Fuentes: Punto Final

¿Se puede ser tolerante con los intolerantes? ¿Se debe permitir que expresen sus ideas los que tratan de impedir que lo hagan los demás? ¿Debe existir un límite a la libertad de expresión, para preservar la democracia, aún a riesgo de debilitar esa misma democracia? Este tipo de preguntas han quedado resonando luego del vomitivo […]


¿Se puede ser tolerante con los intolerantes? ¿Se debe permitir que expresen sus ideas los que tratan de impedir que lo hagan los demás? ¿Debe existir un límite a la libertad de expresión, para preservar la democracia, aún a riesgo de debilitar esa misma democracia? Este tipo de preguntas han quedado resonando luego del vomitivo «homenaje» que la ultraderecha chilena le ha brindado al genocida y torturador pinochetista, Miguel Krassnoff Martchenko. Un acto repugnante que ha agredido la conciencia colectiva de este país y que revela el grado de poder del sector más extremo de la derecha chilena. Han quedado al desnudo las redes que controlan municipios tan poderosos como Providencia, y cuentan con fuerte presencia en los partidos de gobierno, tanto en la UDI como en RN. Y lo más grave es que se ha mostrado que son capaces de usar ese poder para chantajear y provocar, más allá de los límites que imaginábamos.

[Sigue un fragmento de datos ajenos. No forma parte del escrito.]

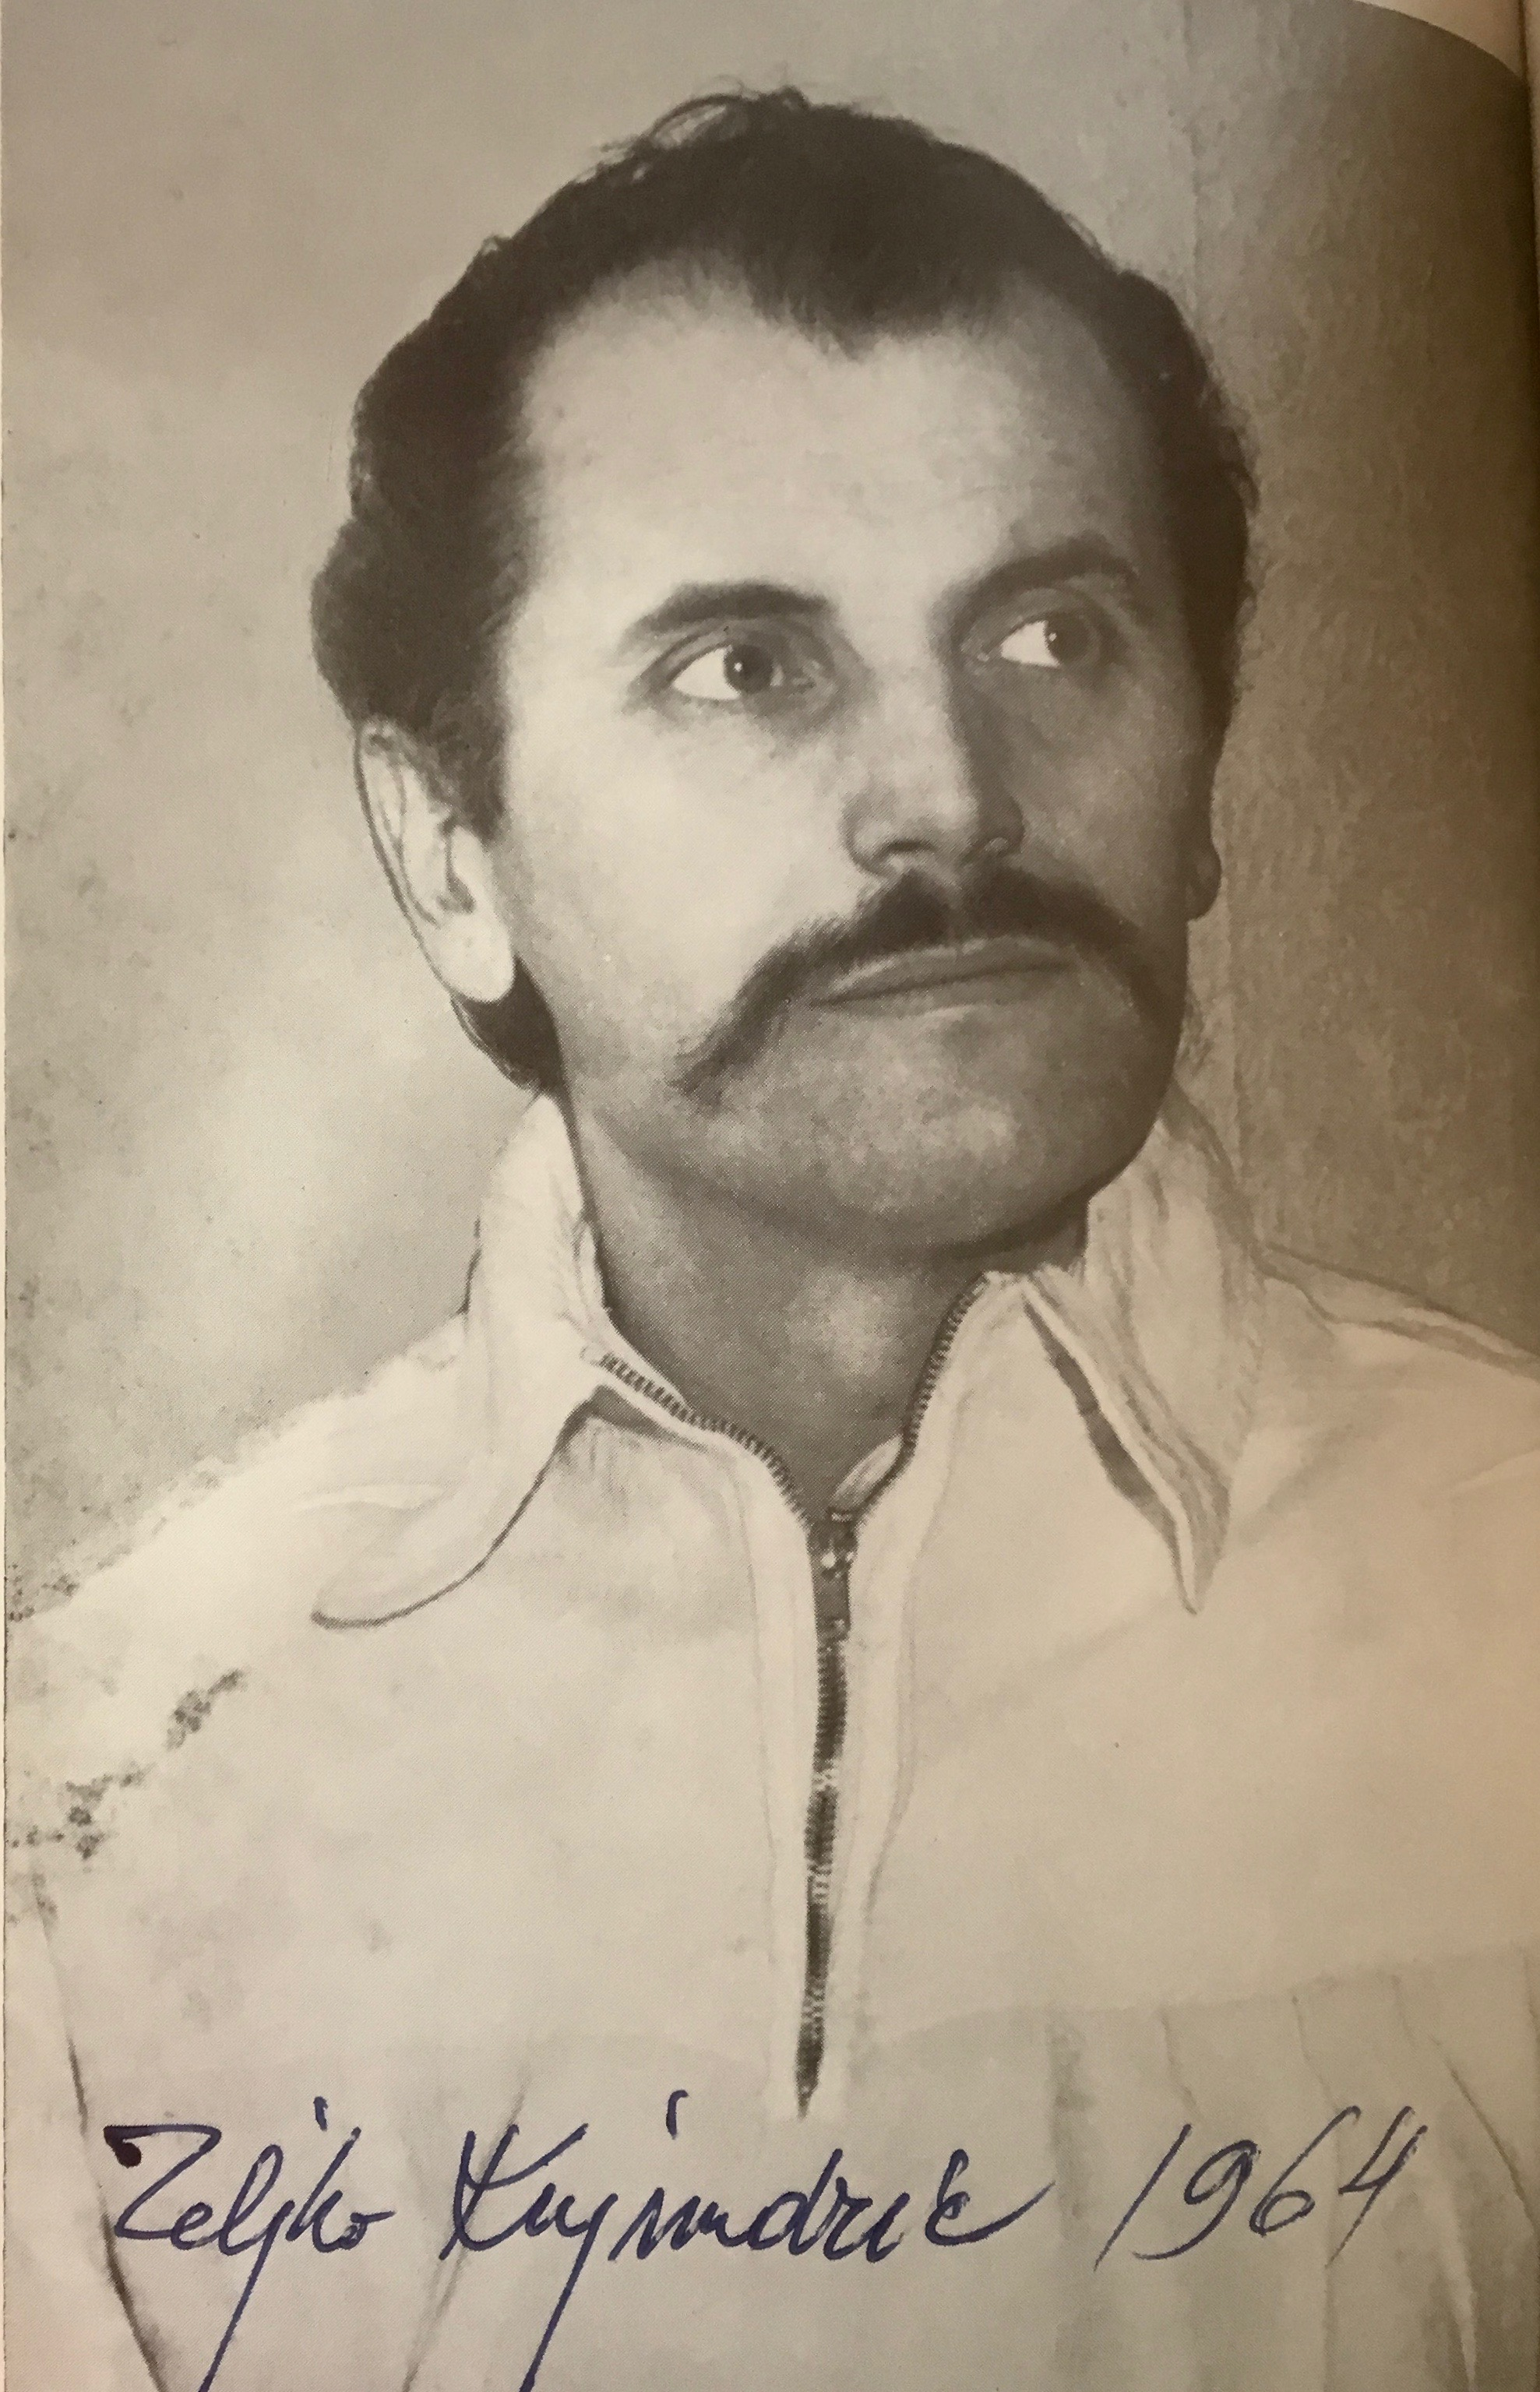 Zeljko Kujundzic

Lamentablemente este tipo de bochornos no constituyen una excepción chilena. En muchos países se enfrentan sucesos semejantes, que obligan a plantear un angustioso dilema: prohibir este tipo de actos y expresiones aberrantes, aún a costa de dañar la libertad de expresión y el derecho a reunión, o permitirlos, corriendo el riesgo de naturalizar los discursos de la asquerosa bazofia que los vomita. Algunos países han optado por una estricta regulación legal. Por ejemplo, en Alemania existe el delito de «negacionismo» del Holocausto y todas las expresiones públicas que hagan referencia al nazismo están prohibidas. En junio de este año la tumba de Rudolf Hess en Wunsiedel, Baviera, fue abierta y los restos del secretario personal de Hitler fueron exhumados para cremarlos y esparcirlos en el Báltico, con el fin de evitar que su sepulcro se convirtiera en lugar de homenajes.

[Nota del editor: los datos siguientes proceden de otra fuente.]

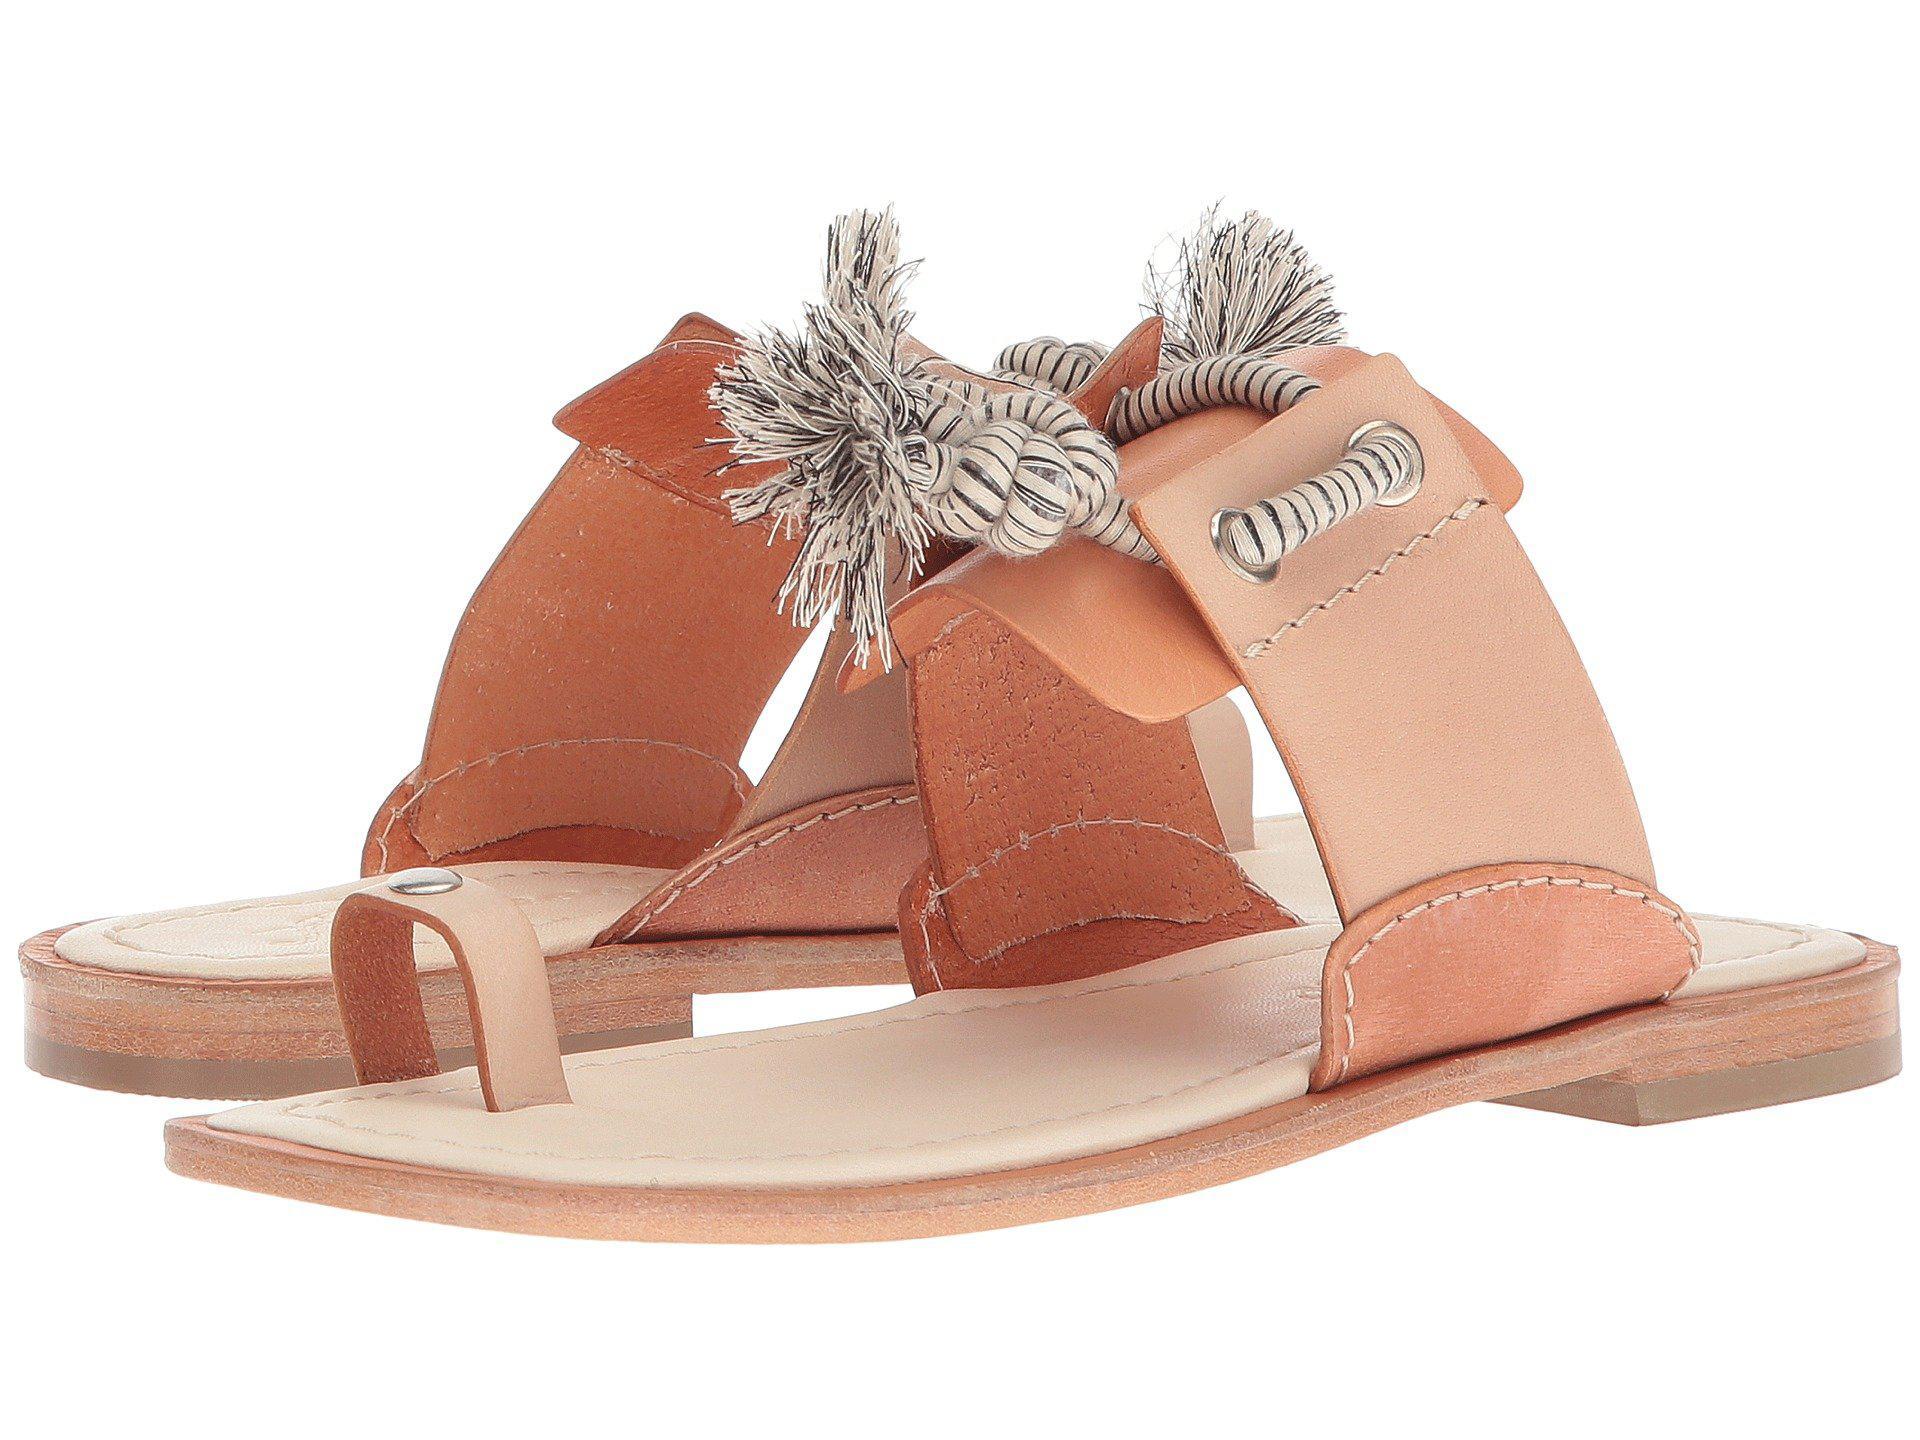 Free People Women's Crete Slide Sandal Go3U1pBzG

Modelos de regulación legal semejantes están vigentes, con mayor o menor rigor, en la mayoría de los países europeos y en Japón. Otras naciones, como Estados Unidos, se orientan por un criterio que dice garantizar la libertad de expresión, aunque ello implique tolerar a personajes como el pastor Terry Jones, famoso por encabezar el 20 de marzo de 2011 lo que llamó «El día internacional de juicio al Corán», momento en el que quemó públicamente el libro sagrado del Islam frente a unas 50 personas. La consecuencia: al día siguiente miles de manifestantes en el norte de Afganistán entraron a un recinto de Naciones Unidas matando al menos a siete miembros del personal civil de la organización.

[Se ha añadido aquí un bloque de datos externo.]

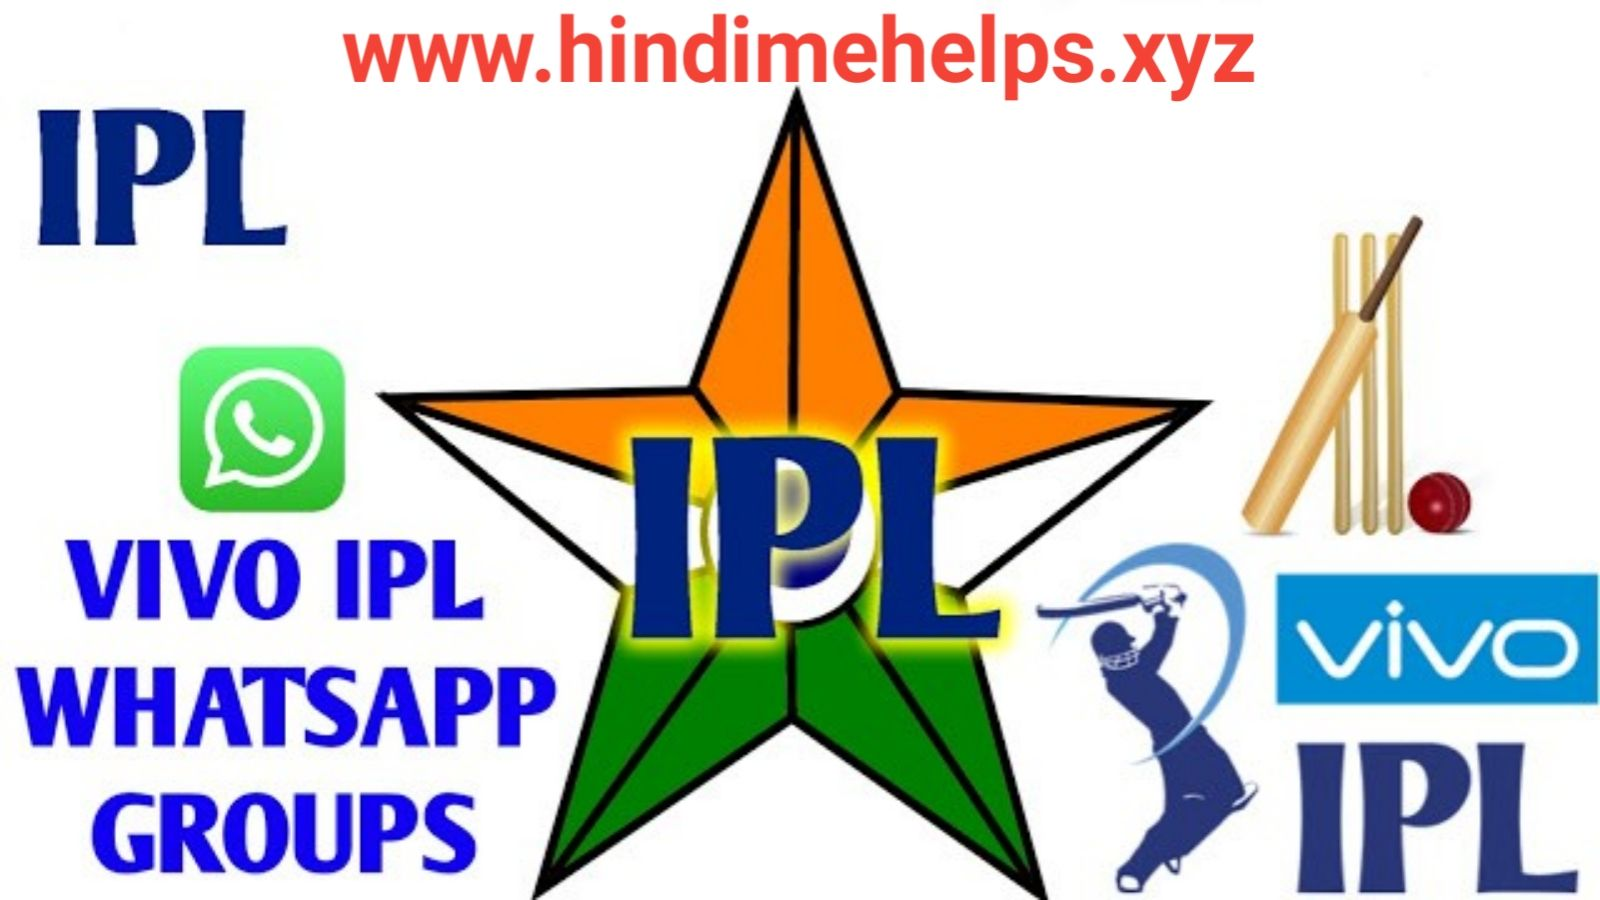 Vivo IPL(Indian Premier League) Whatsapp Group Join Link

Es justo sostener que la libertad de expresión y reunión no constituyen un absoluto y la convivencia cívica puede exigir unas muy prudentes regulaciones criteriosas, focalizadas y puntuales. Sin embargo, también hay que reconocer que es imposible, y en muchos casos contraproducente, impedir por la vía legal la expresión de estas ideas, por infames que sean. En muchos casos la sobrerregulación tiende a generar una sensación de falsa seguridad en la sociedad. Por ejemplo, en la misma Alemania se ha descubierto con horror cómo un grupo neonazi, apoyado por los servicios secretos que deberían haberle controlado, ha cometido una serie de diez crímenes con motivación política y racista entre 2000 y 2007. ¿Qué hacer, entonces? Una sociedad que se fundamente en el respeto a los derechos humanos no puede resignarse a ser rehén de unos granujas que manipulen esos mismos derechos para jactarse de sus perversiones.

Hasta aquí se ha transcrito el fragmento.